This is what I can't get my head round, if you were trying to sell an engineering company would you sell off the machinery first? I'm guessing not.


----------



## Liverpoolphil (Jul 29, 2014)

SaintHacker said:



			This is what I can't get my head round, if you were trying to sell an engineering company would you sell off the machinery first? I'm guessing not.
		
Click to expand...

Maybe the lower price might make it more attractive and will give them a profit ?


----------



## Papas1982 (Jul 29, 2014)

SaintHacker said:



			This is what I can't get my head round, if you were trying to sell an engineering company would you sell off the machinery first? I'm guessing not.
		
Click to expand...

I suppose it's easier for saints to hold premiership rivals to ransom n get higher fees than it is to get it from a buyer. Will be interesting to see though, as everyone seems to be towing the party line.


----------



## Foxholer (Jul 29, 2014)

SaintHacker said:



			This is what I can't get my head round, if you were trying to sell an engineering company would you sell off the machinery first?

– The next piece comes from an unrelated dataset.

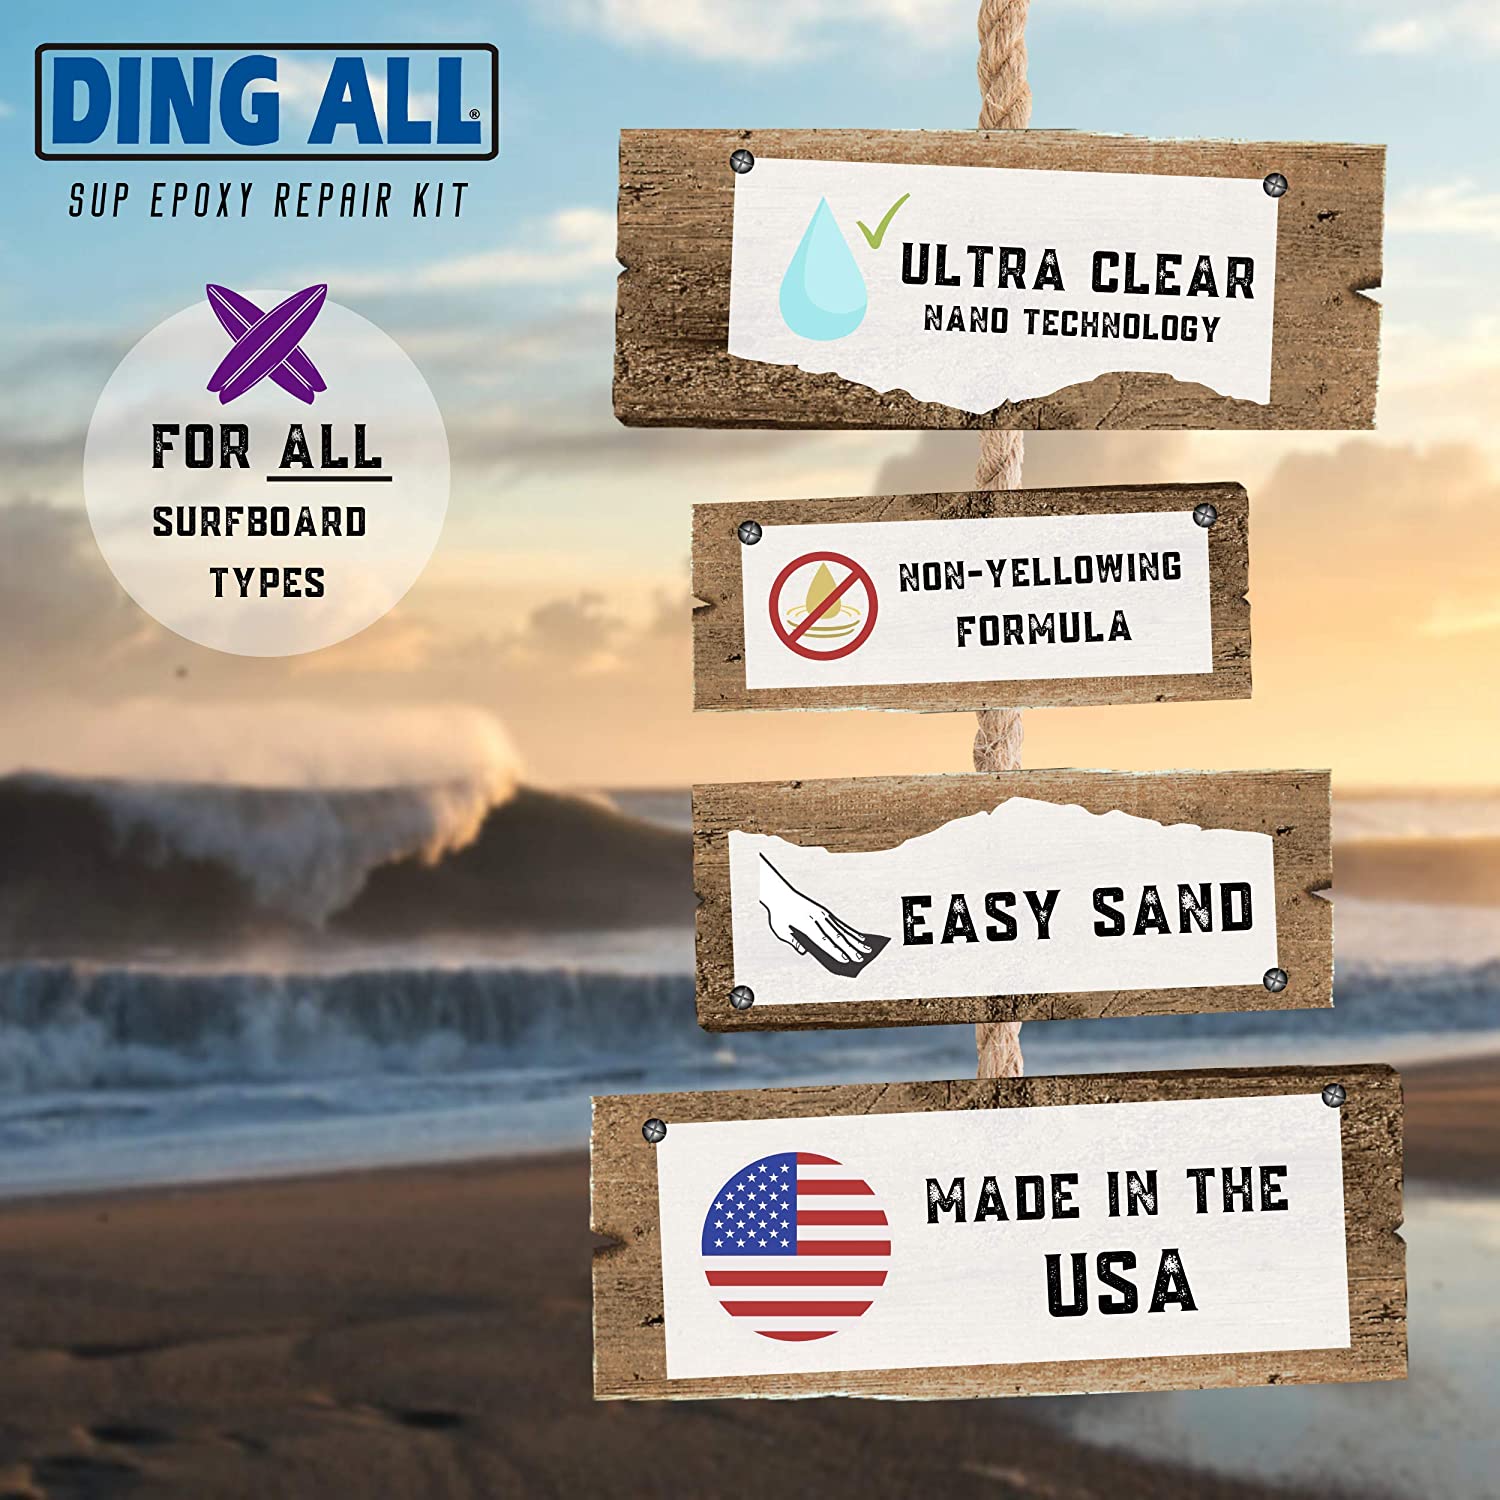 Ding All Super Stand Up Paddle Board (SUP) Epoxy Repair Kit with a Superior, Eco-Friendly and Non Yellowing Formula for Small to Medium Ding Repairs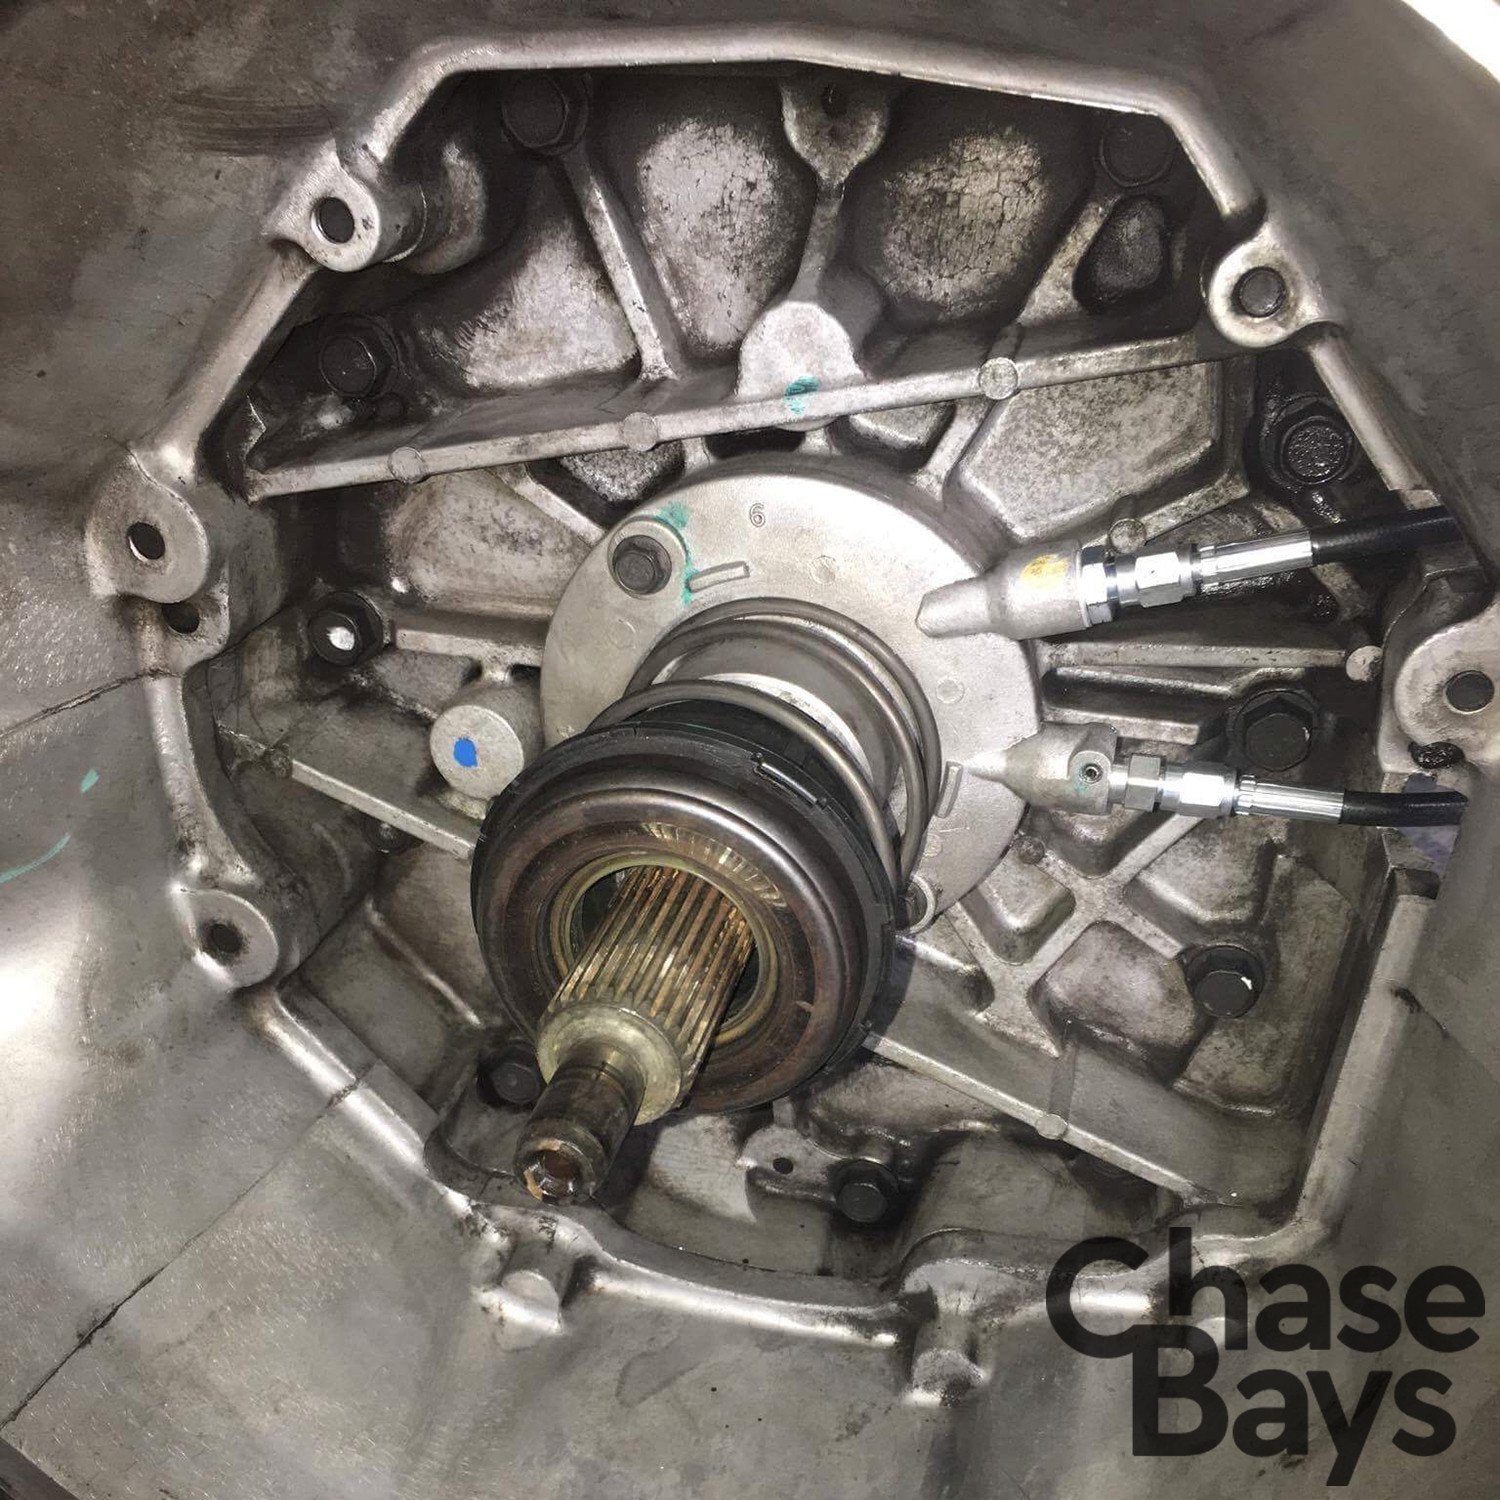 CHASE BAYS Nissan Silvia S13 S14 clutch line with GM LS1 T56 gearbox - PARTS33 GmbH

I'm guessing not.
		
Click to expand...

Football is not comparable to a 'normal' business!

Ask Lord Sugar!

How many of them made a profit over the last 3 years! Arsenal, Man U, Spurs (?) and Wolves seem to be the only consistent 'businesses', though a few, like West Ham, are in a 'recovery'.


----------



## SaintHacker (Jul 29, 2014)

Don't know. That would make sense but I can't see how a weaker team, albeit at a lower price, would be easier to sell.
Another emerging theory is that Cortese put the players on ridiculous wages which are becoming unsustainable. We do know that his willingness to throw money around is one of the reasons why he was removed (he didn't resign, he was effectively sacked). When Markus bought the club his intention all along was to make it self-sustaining eventually. Perhaps the board are happy to let the guys on silly wages go and replace them with more players on more sensible contracts whilst continuing to grow the academy.
I hope this is the case rather than the former, one things for certain though, it never boring being a Saints fan!


----------



## JCW (Jul 29, 2014)

Chelsea be doing that soon when they freeze the Russian money , he will then sack jose , get rid of the players then the club and move on , thats what they do when they want out , if they were staying then they keep the best players till the last year of thier contracts and resign them or sell them ...............for big money , must say its strange what is going on at Saints , but the owner wanting out makes sense ..................EYG


----------



## Liverpoolphil (Jul 29, 2014)

JCW said:



			Chelsea be doing that soon when they freeze the Russian money , he will then sack jose , get rid of the players then the club and move on , thats what they do when they want out , if they were staying then they keep the best players till the last year of thier contracts and resign them or sell them ...............for big money , must say its strange what is going on at Saints , but the owner wanting out makes sense ..................EYG
		
Click to expand...

Why and when are they freezing the Russian money ?


----------



## Foxholer (Jul 29, 2014)

JCW said:



			Chelsea be doing that soon when they freeze the Russian money , he will then sack jose , get rid of the players then the club and move on , thats what they do when they want out , if they were staying then they keep the best players till the last year of thier contracts and resign them or sell them ...............for big money , must say its strange what is going on at Saints , but the owner wanting out makes sense ..................EYG
		
Click to expand...

Er...How much of Arsenal is owned by a Russian?


----------



## JCW (Jul 29, 2014)

Foxholer said:



			Er...How much of Arsenal is owned by a Russian?
		
Click to expand...

A fair bit but the club is not dependent on his money , i am sure you are aware of that so why the pointless post or is there a point to it i dont see , .....................EYG


----------



## Foxholer (Jul 29, 2014)

JCW said:



			A fair bit but the club is not dependent on his money , i am sure you are aware of that so why the pointless post or is there a point to it i dont see , .....................EYG
		
Click to expand...

I think the board and other owners were concerned enough about his intentions to ask him to clarify them.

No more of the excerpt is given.